§ **What you are asked to do**
Print every line below exactly. Skip the pictures.
*** Input data
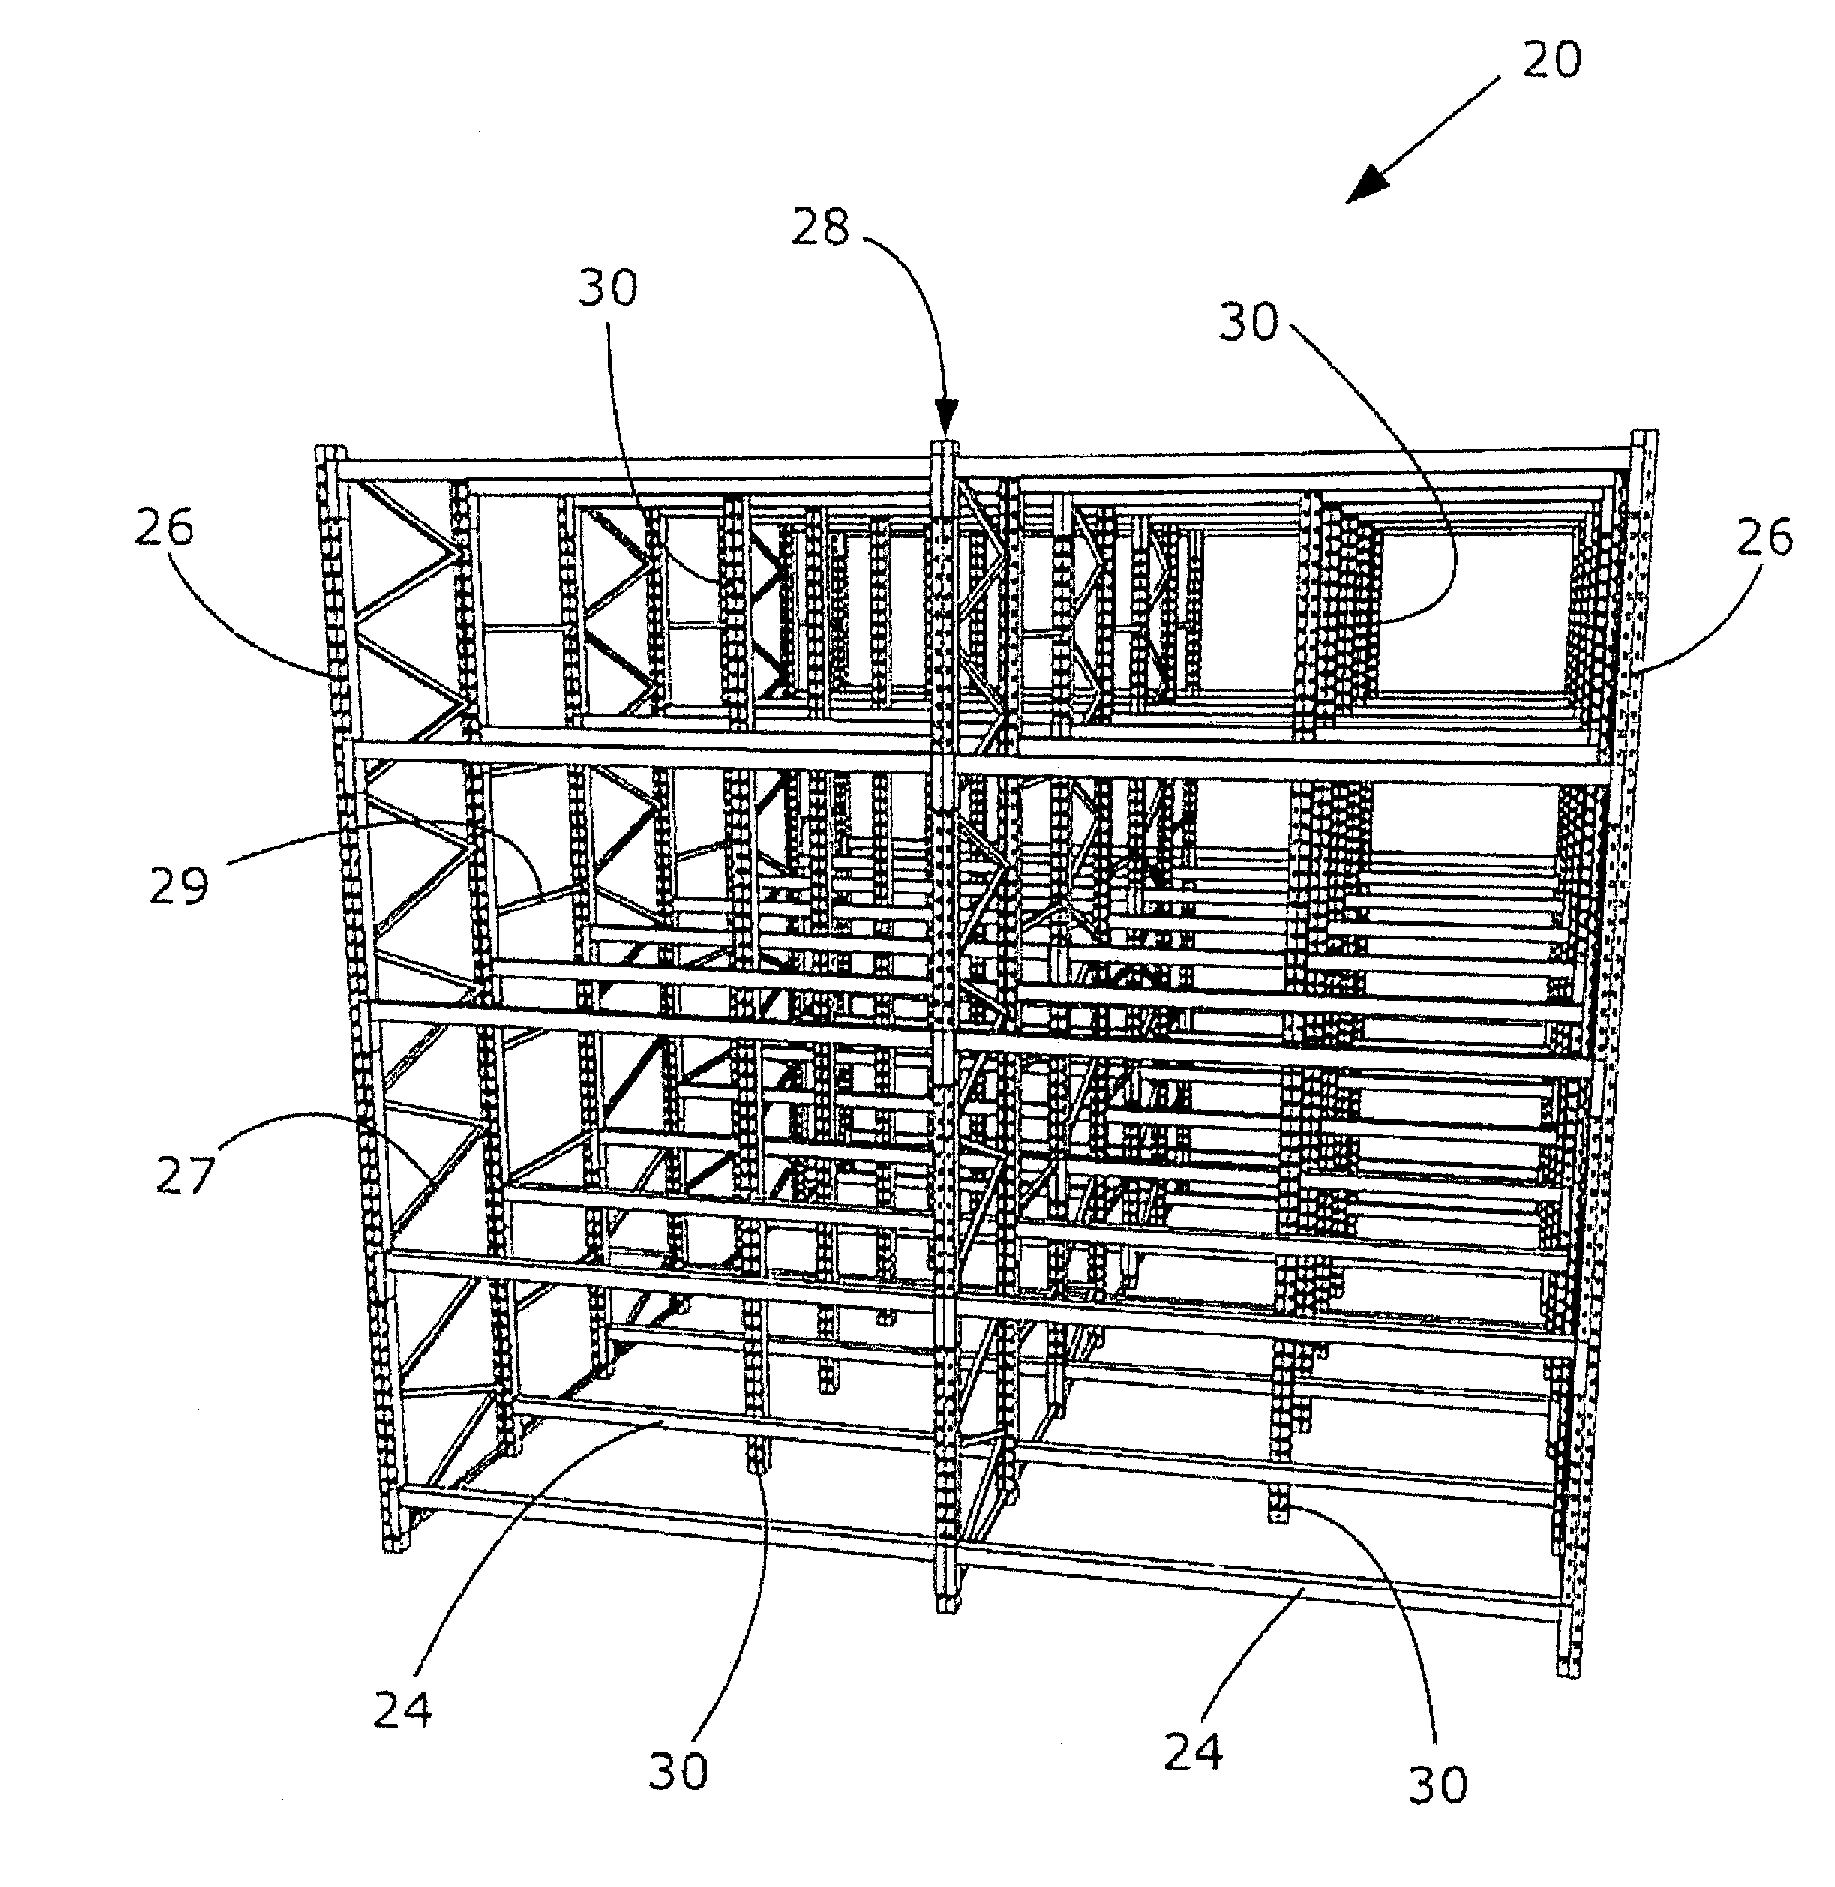 Upright support configuration for a pallet racking system
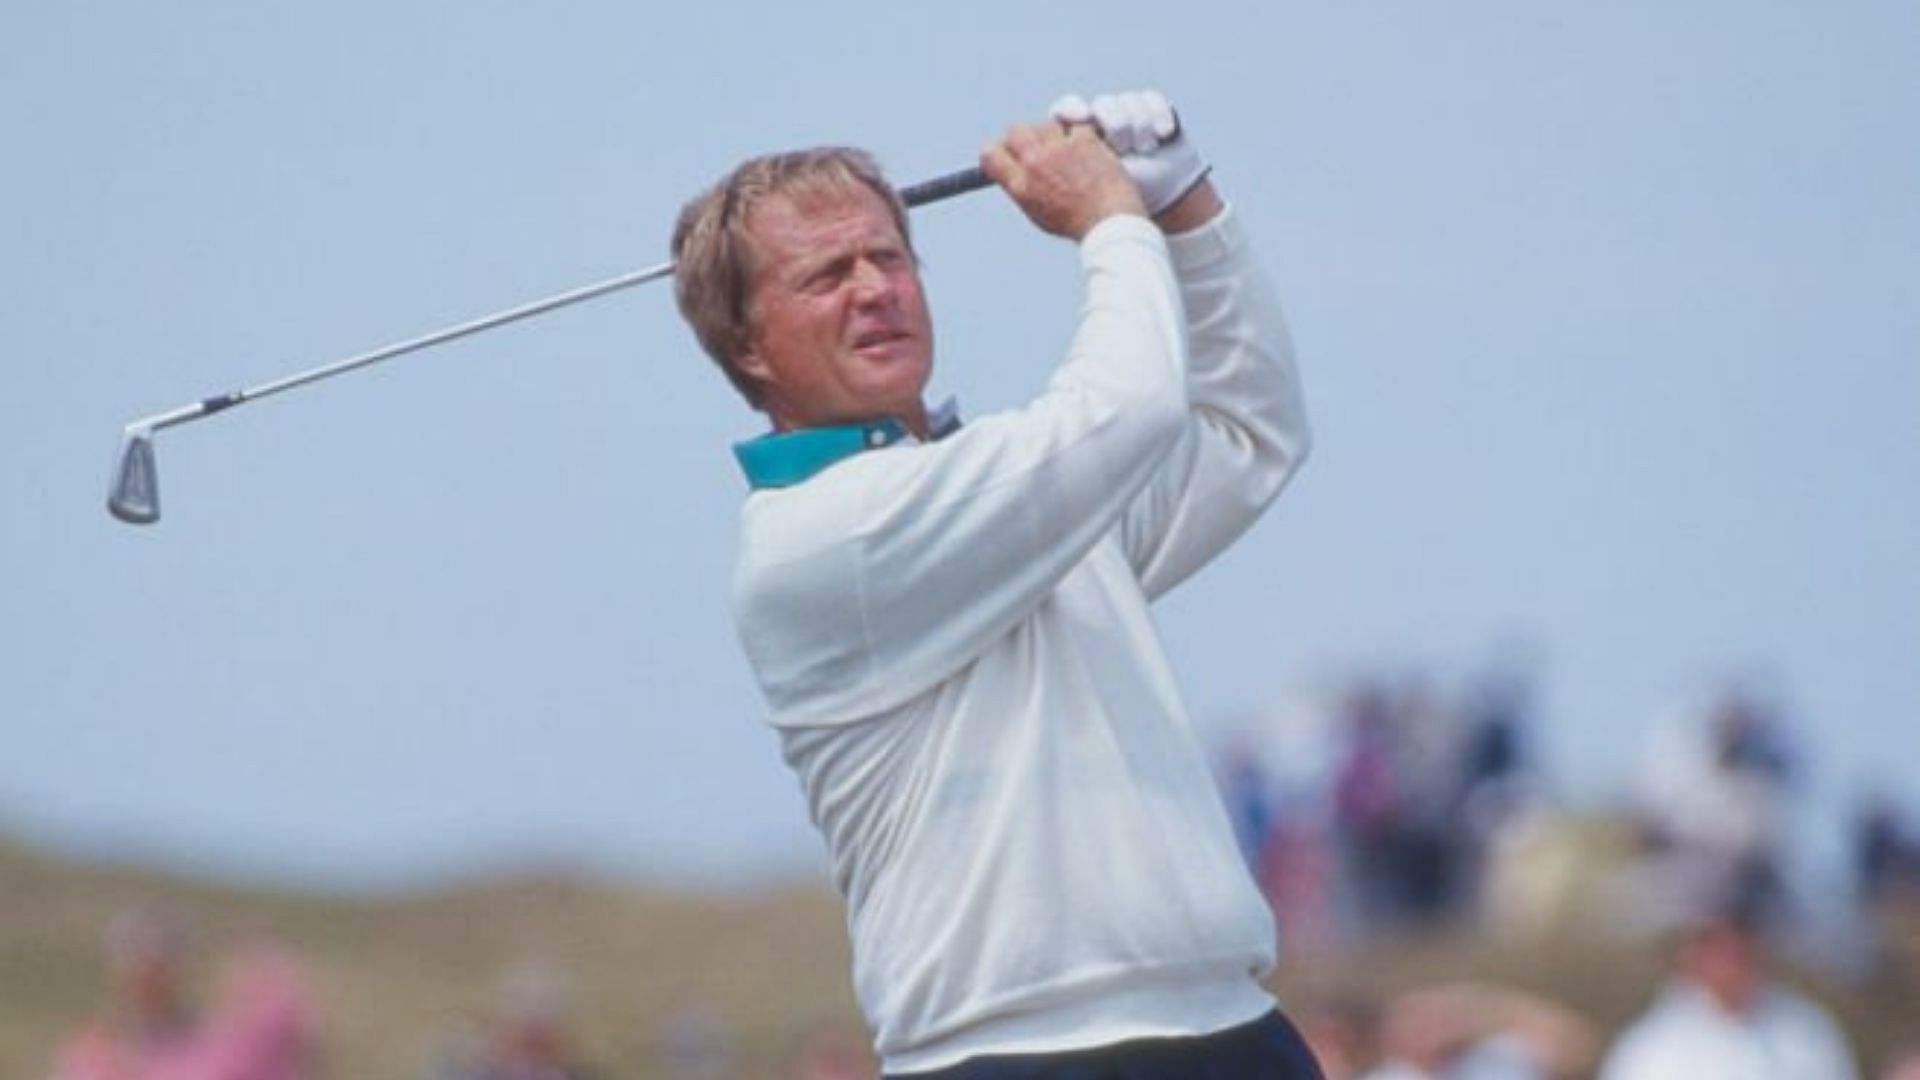 Jack Nicklaus at the US Open (Image via Getty)
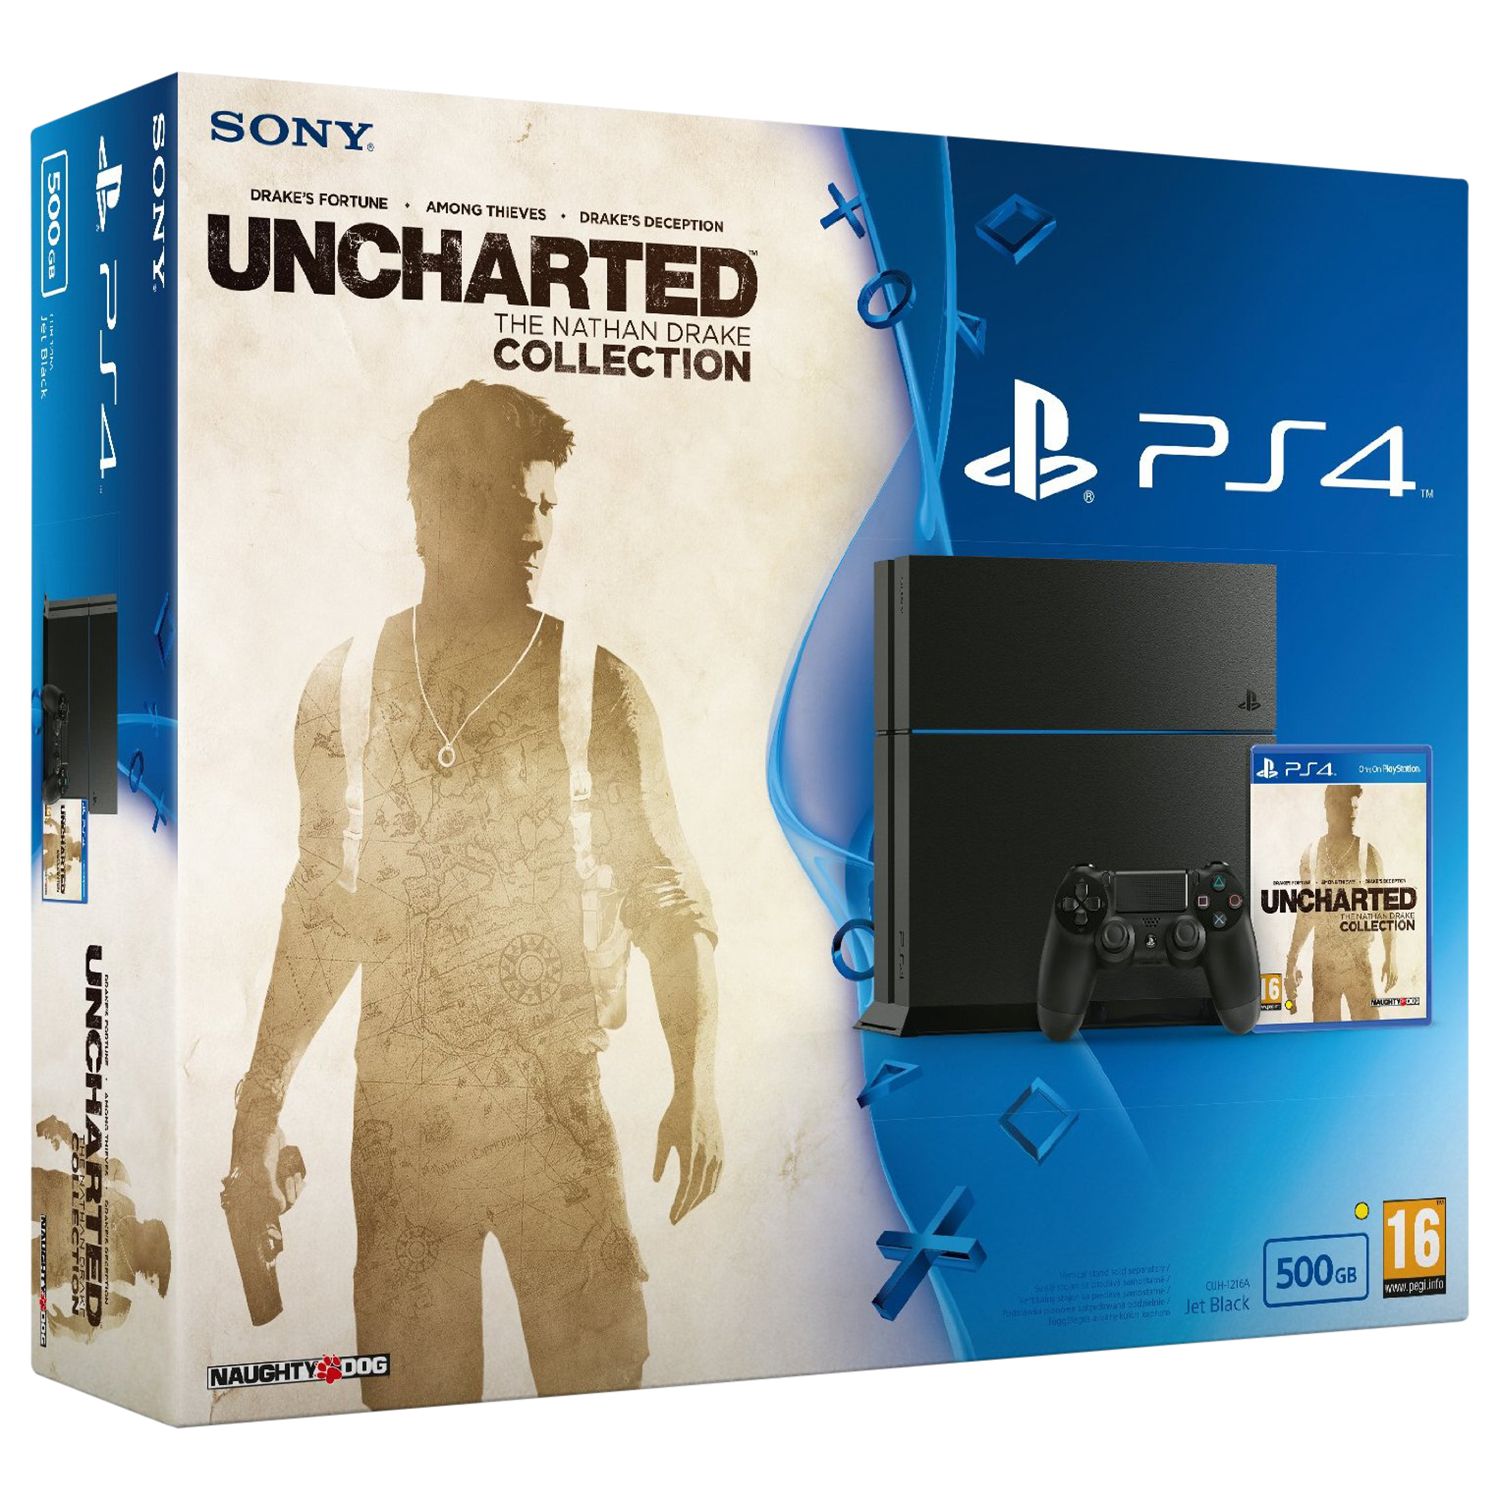 uncharted playstation 4 console
******
§ **Answer box**
 Upright support configuration for a pallet racking system
 Jack Nicklaus at the US Open (Image via Getty)
 uncharted playstation 4 console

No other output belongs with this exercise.